Introduction THE DISTRIBUTION of the classical histopathological lesions of Alzheimer’s disease (AD), viz. the senile (or neuritic) plaques (SP) and the neurofibrillary tangles (NFT), principally involves the association areas of the neocortex and the archicortical regions of the hippocampus and amygdala. As such, it implies that AD is essentially a cortical dementia which is caused by damage to the superficial grey matter regions of the cerebral hemispheres.
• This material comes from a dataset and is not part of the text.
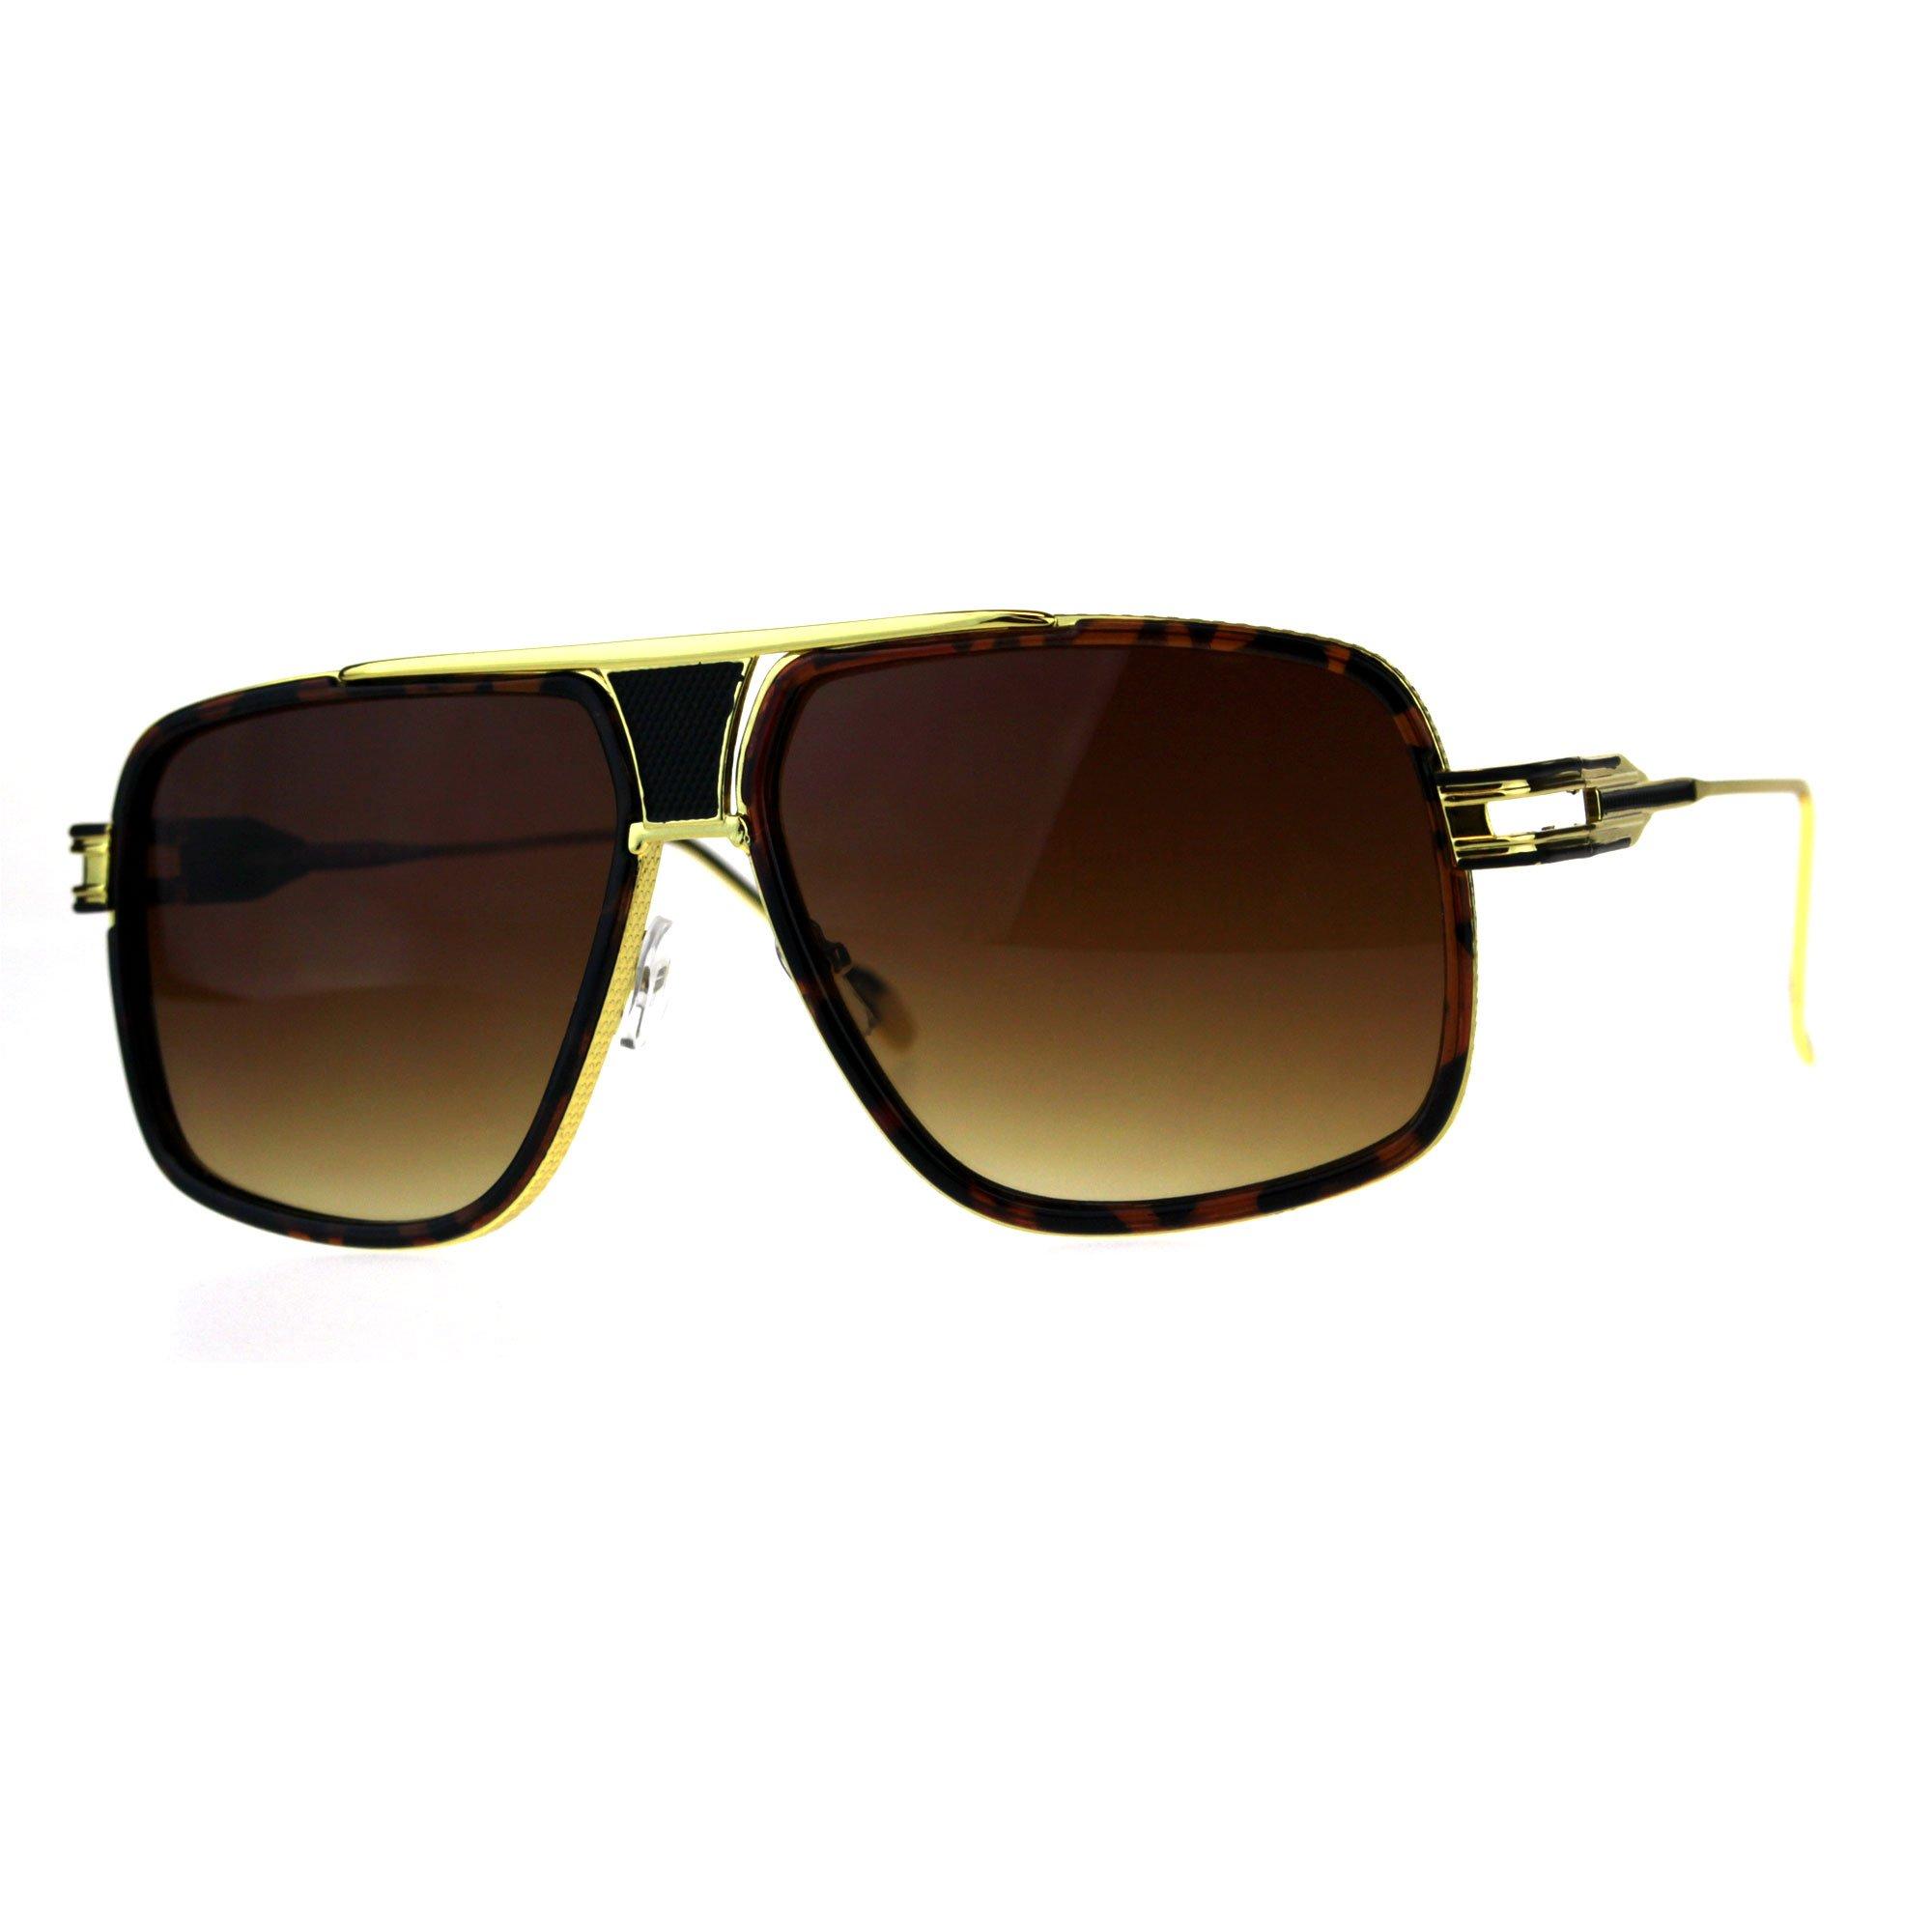 Oversize Luxury Mobster Racer Mens Designer Sunglasses Tortoise Gold Brown by SA106

The key effector cells of the cerebral cortex and hippocampus are the pyramidal nerve cells that are located in layers III and V and in area CA1 of these regions, respectively. Because it has long been known that such cell types are particularly prone to NFT formation in AD and as they provide the major input and output pathways to the association cortex it is only natural to assume that damage to the cerebral cortex in AD should be reflected by changes in these in terms of cell number, or cell structure or both, and that such alterations should explain the cerebral atrophy of the disorder (Najlerahim & Bowen, 1989; Mann, 1991) and the progressive disturbances of memory and intellect that accompany the pathological process (Neary et al., 1986a).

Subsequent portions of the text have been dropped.